또한, 본 발명은 비트스트림으로부터 기준 시점 식별정보를 추출하는 제 1 식별정보 추출부와 상기 추출된 기준 시점 식별정보에 따라 앵커 픽쳐 식별정보를 추출하는 제 2 식별정보 추출부와 상기 추출된 앵커 픽쳐 식별정보에 기초하여 해당 비트스트림을 복호화하는 복호화부를 포함하는 것을 특징으로 하는 비디오 신호 복호화 장치를 제공한다.The present invention also provides a first identification information extraction unit for extracting reference view identification information from a bitstream, a second identification information extraction unit for extracting anchor picture identification information according to the extracted reference view identification information, and the extracted anchor picture. It provides a video signal decoding apparatus comprising a decoding unit for decoding the corresponding bitstream based on the identification information.

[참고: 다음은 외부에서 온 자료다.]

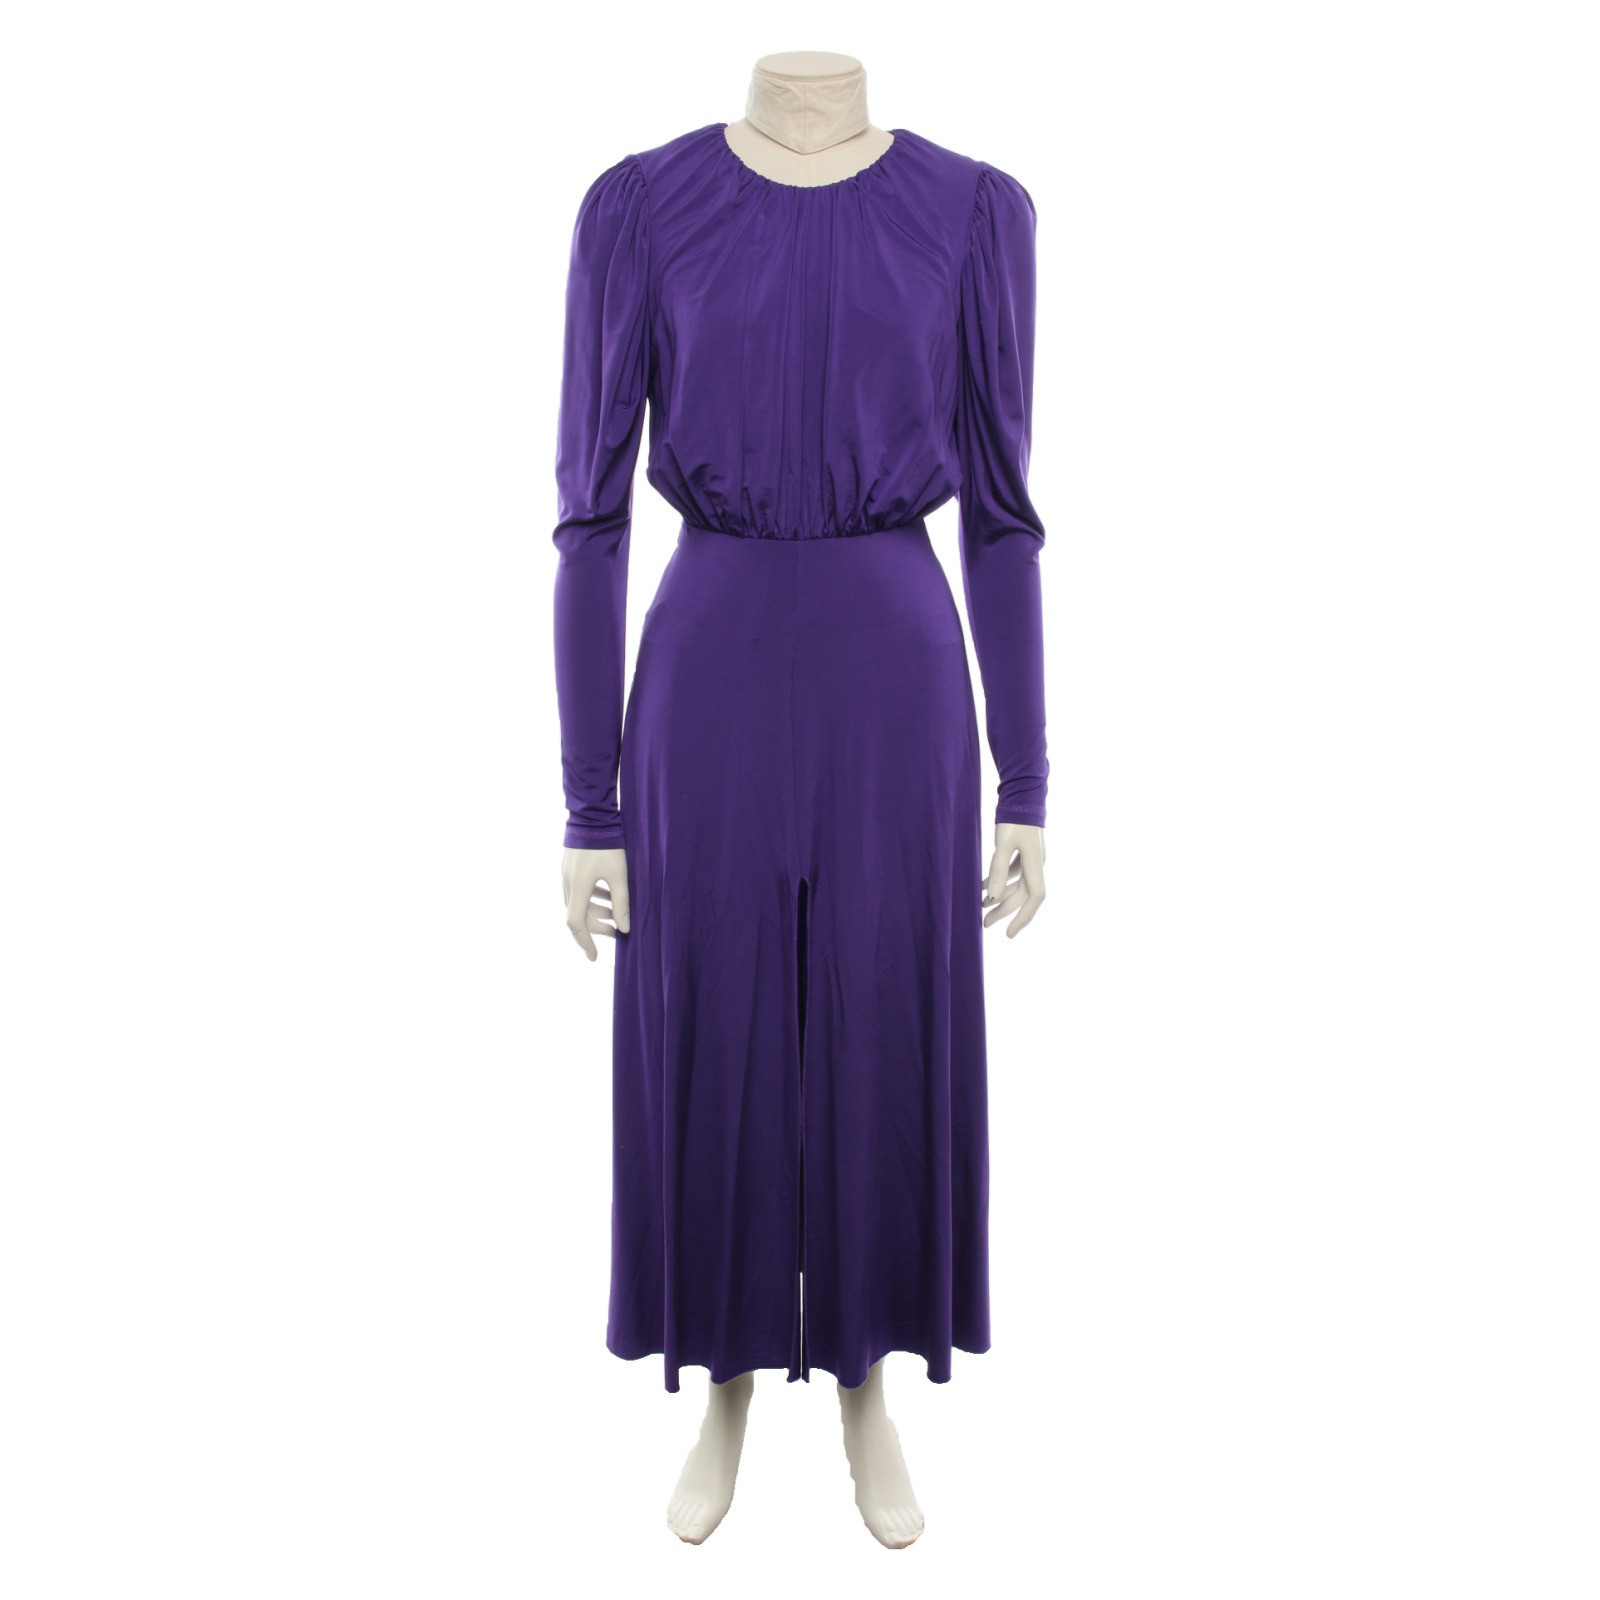 Rotate Kleid in Violett - Second Hand Rotate Kleid in Violett

또한, 본 발명은 비디오 신호의 데이터 포맷에 있어서, 현재 픽쳐의 속성 정보를 포함하는 제 1 NAL 헤더와 상기 현재 픽쳐의 데이터 정보를 포함하는 제 1 슬라이스 계층과 상기 제 1 슬라이스 계층에 연속하여 추가된, 기준 시점에 대한 식별 정보를 포함하는 제 2 NAL 헤더와 앵커 픽쳐에 대한 식별 정보를 포함하는 제 2 슬라이스 계층으로 이루어지는 것을 특징으로 하는 비디오 신호의 데이터 포맷을 제공한다.The present invention also provides a data format of a video signal, comprising: a first NAL header including attribute information of a current picture, a first slice layer including data information of the current picture, and a first slice layer sequentially added to the first slice layer; And a second slice layer including identification information on an anchor picture and a second NAL header including identification information on a reference time point.

또한, 본 발명은 비디오 신호의 데이터 포맷에 있어서, 현재 픽쳐의 속성 정보와 기준 시점 식별 정보를 포함하는 NAL 헤더, 상기 현재 픽쳐의 데이터 정보와 앵커 픽쳐 식별정보를 포함하는 슬라이스 계층으로 이루어지는 것을 특징으로 하는 비디오 신호의 데이터 포맷을 제공한다.The present invention also provides a data format of a video signal, comprising: a NAL header including attribute information of a current picture and reference view identification information, and a slice layer including data information and anchor picture identification information of the current picture. Provides a data format of a video signal.

또한, 본 발명은 기준 시점 식별정보를 nal unit header 안에 추가하는 것을 특징으로 하는 비디오 신호 부호화 방법을 제공한다.In addition, the present invention provides a video signal encoding method comprising adding reference view identification information to a nal unit header.

또한, 본 발명은 앵커 픽쳐 식별정보를 슬라이스 계층(slice layer) 안에 추가하는 것을 특징으로 하는 비디오 신호 부호화 방법을 제공한다.In addition, the present invention provides a video signal encoding method characterized by adding anchor picture identification information to a slice layer.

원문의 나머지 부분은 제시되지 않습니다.